Interestingly, almost all commentary has been about “artist” being the number one non-essential job; what’s overlooked is how it’s lumped together with this odd assortment of other professions on the list: telemarketer; social media manager/PR specialist; business consultant; and human resource manager.
The reason, I believe, that the poll is so vexing for the Singapore arts community is that they’ve heard routine dismissals of the arts countless times, and it’s frustrating.
You could even say that modern Singapore is predicated on a denigration of the arts. An exhibition curated by a Singaporean in Hong Kong explored precisely such a question.
Lim Qinyi, who now works at National Gallery Singapore, was the curator at Para Site Art Space in Hong Kong, from 2012 to 2016. The germ for her exhibition was a 2014 anthology of Singapore poetry, edited by Christine Chia and Joshua Ip.

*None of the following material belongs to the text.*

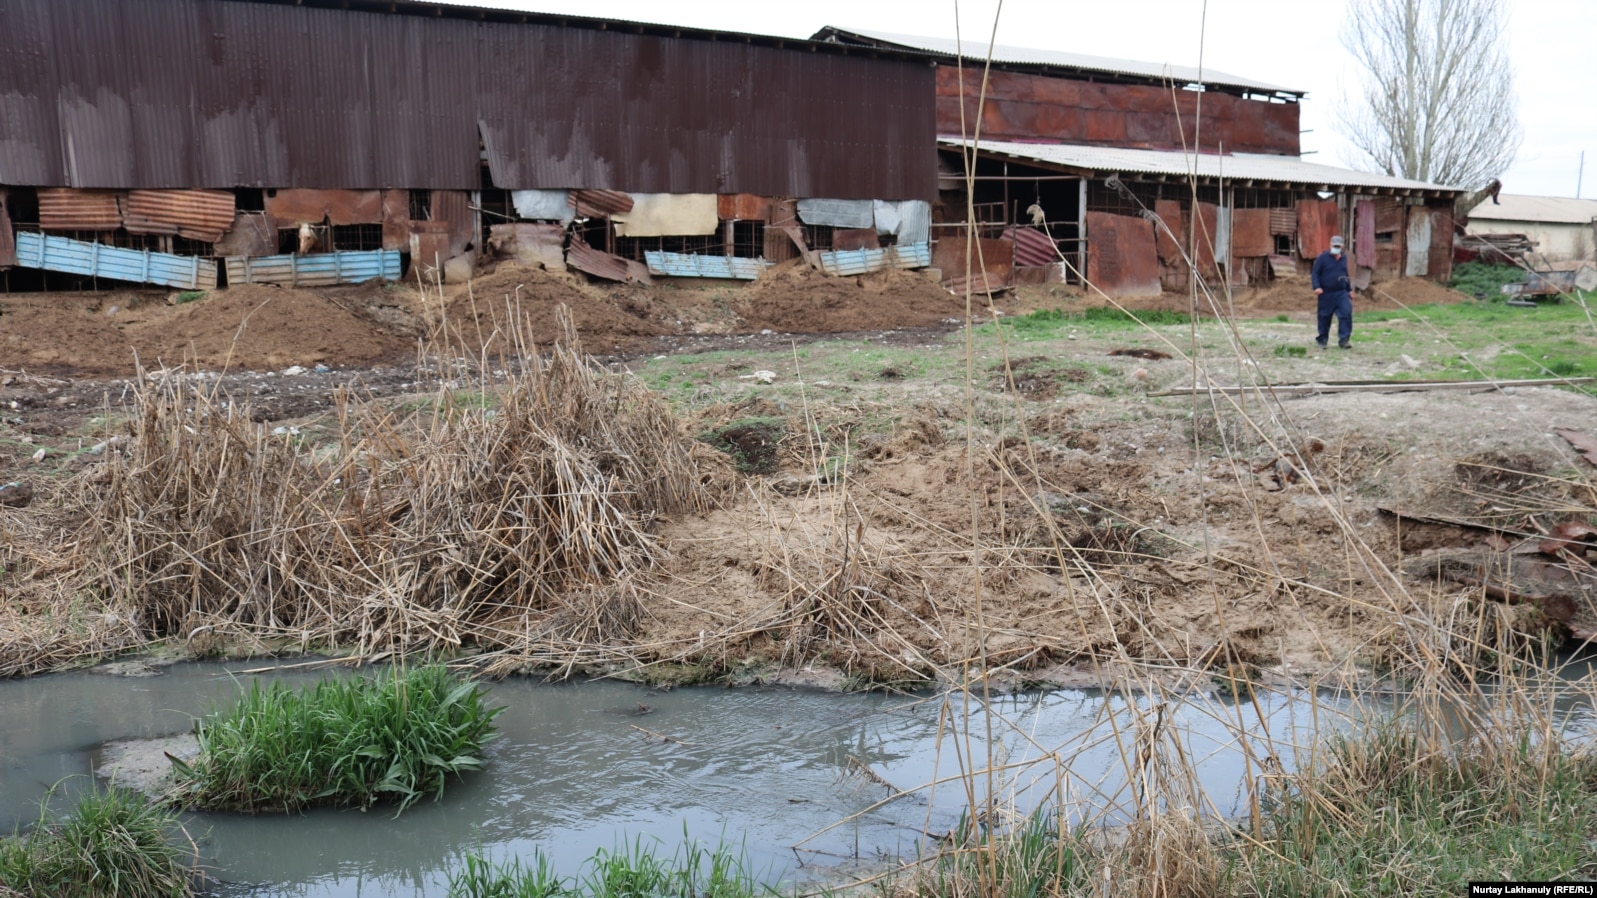 Речку, по словам жителей, завалили мусором и отходами производства боен, расположенных вдоль водоема. Талгарский район, Алматинская область, 18 апреля 2021 года.

The book, and the exhibition, in turn, took their titles from a famous speech that Lee Kuan Yew made in 1968.
“Poetry is a luxury we cannot afford.”
… the late Prime Minister claimed. Poetry and similar pursuits had to be postponed until the nation achieved economic progress. As Lim explains in the catalogue, this agenda would define the first decades of the country, but “shifted in the 1990s when cultural development was viewed as a necessity […] in gaining status as a developed nation”.
The fact is the Singapore state now spends a lot of money on the arts. Because they’re deemed essential for the economy. For the financial year 2018/2019, the National Arts Council had a budget of $120 million.
Although, as acclaimed architect Tay Kheng Soon once noted, the problem is that the arts may have government support, but not its sympathy. And we might add, a lack of understanding from the Times as well.